Now take the idea of "completely random events" and scatter it across a map instead of along a clock. Stars in a patch of sky, trees in a forest, typos on a page, defects on a silicon wafer, cell-phone users across a city — when points fall with no preference and no interaction, the [[spatial-poisson-point-process|spatial Poisson point process]] is the model. It is the two- and three-dimensional cousin of the Poisson process, and it is the benchmark statisticians mean by "complete spatial randomness".

Its dial is now an intensity lambda, the expected number of points per unit area (or volume). The two defining rules mirror the time case exactly: the number of points in any region A is Poisson with mean lambda times the area of A, and counts in non-overlapping regions are independent. The familiar conditional miracle reappears too — given that exactly n points land in a region, those n points are placed independently and uniformly over it, completely without pattern. And just as in time, the intensity may vary across space as lambda(x), giving a non-homogeneous spatial process whose mean count in A is the integral of lambda over A.

TIME version            <-->   SPACE version
rate lambda (per time)  <-->   intensity lambda (per area)
count in (s,t]          <-->   count in region A
  ~ Poisson(lambda*(t-s))        ~ Poisson(lambda*area(A))
disjoint intervals indep <-->  disjoint regions indep
given n in window:       <-->  given n in region:
  uniform on the window          uniform over the region
The spatial Poisson process is the time process with "length" replaced by "area".

Random scatter clumps — and that fools the eye

Here is the most important honest caveat of the whole spatial picture, and it surprises almost everyone. Under complete spatial randomness, the points still LOOK clustered to the eye. Throw n uniform darts at a map and you will inevitably see clumps here and bald patches there. People expect "random" to mean "evenly spread", but evenly spread is the opposite of random — it is what you get from a regular grid, which is highly ordered. Genuine randomness produces clumps and voids; a pattern with no clumps at all would be evidence of repulsion, not randomness.

This is why the spatial Poisson process is treated as a null hypothesis rather than a discovery. An ecologist seeing apparent clumps of seedlings cannot conclude "the trees attract each other" — random scatter would clump too. The honest question is comparative: are the trees MORE clustered than spatial-Poisson randomness predicts (seedlings sprouting near parents) or MORE regular than it predicts (mature trees competing and spacing themselves out)? You quantify the deviation from the Poisson benchmark; the benchmark itself is the yardstick, not the conclusion. This is the same discipline as everywhere in statistics: a pattern is only meaningful against what pure chance would have produced.

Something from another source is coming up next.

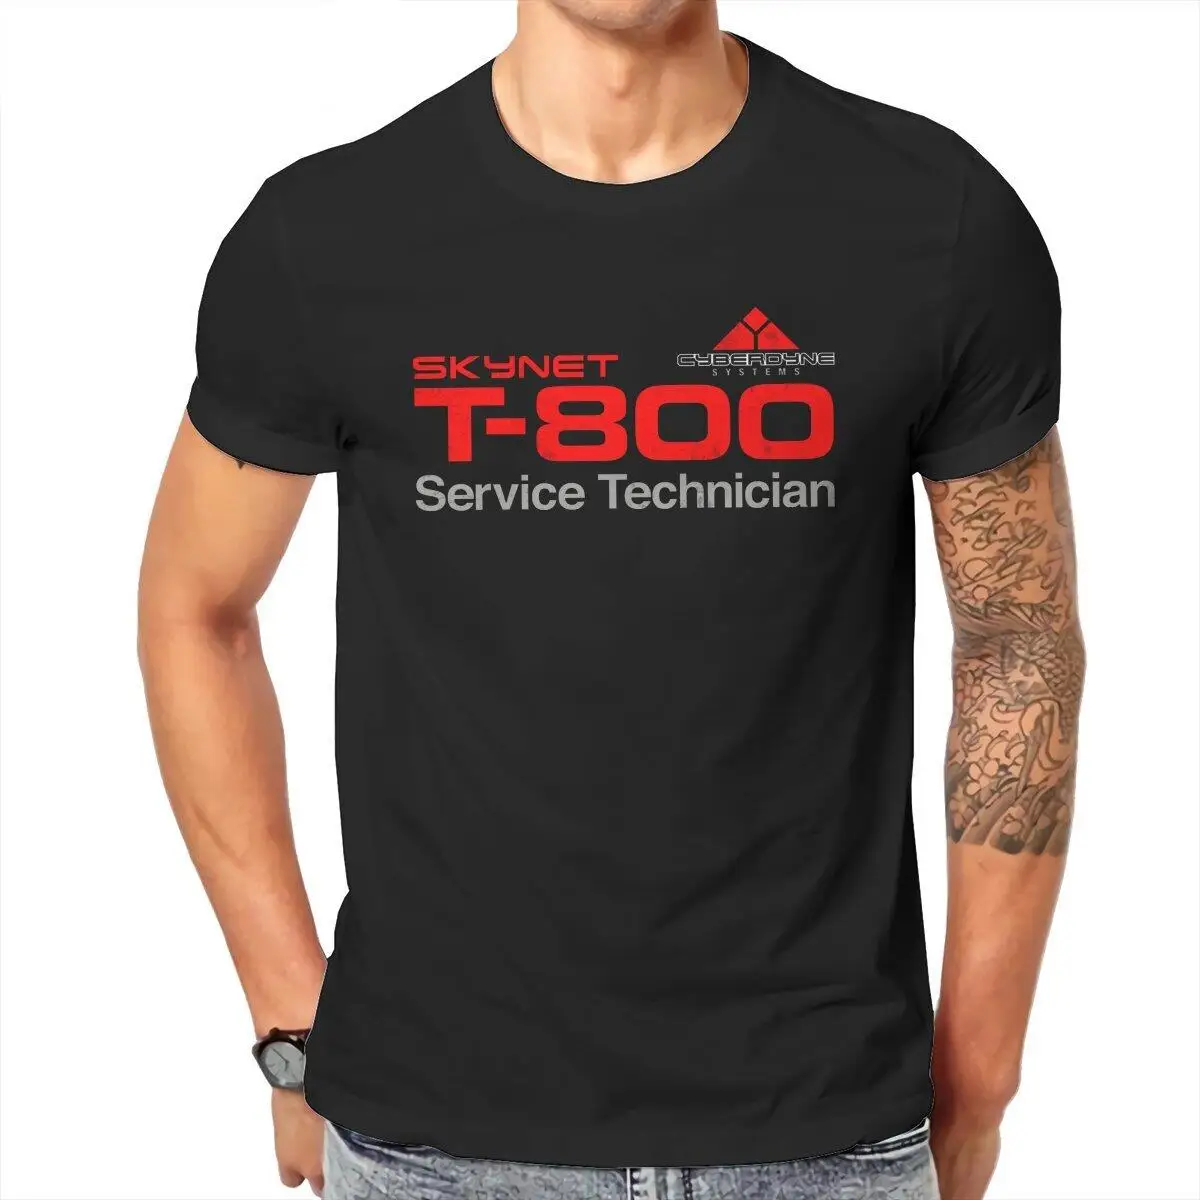 Men's T-Shirt T-800 Technician  Amazing Tee Shirt Short Sleeve Terminator Cyberdyne Cyborg T Shirts Crew Neck Clothes Party

Step back and admire how much one idea has stretched. The same kernel — points sprinkled completely at random, with independent counts in disjoint pieces and Poisson totals — runs through every variant in this guide: a breathing rate in time, a random weight per event, a tag on each point, a scatter across space. The marking theorem ties them into one family, the non-homogeneous version swaps length for area-under-a-curve, and the spatial version swaps time for area. Guide 5 lifts the last constraint of all — that the gaps be exponential — to reach renewal processes, and there we meet the delightfully counterintuitive inspection paradox.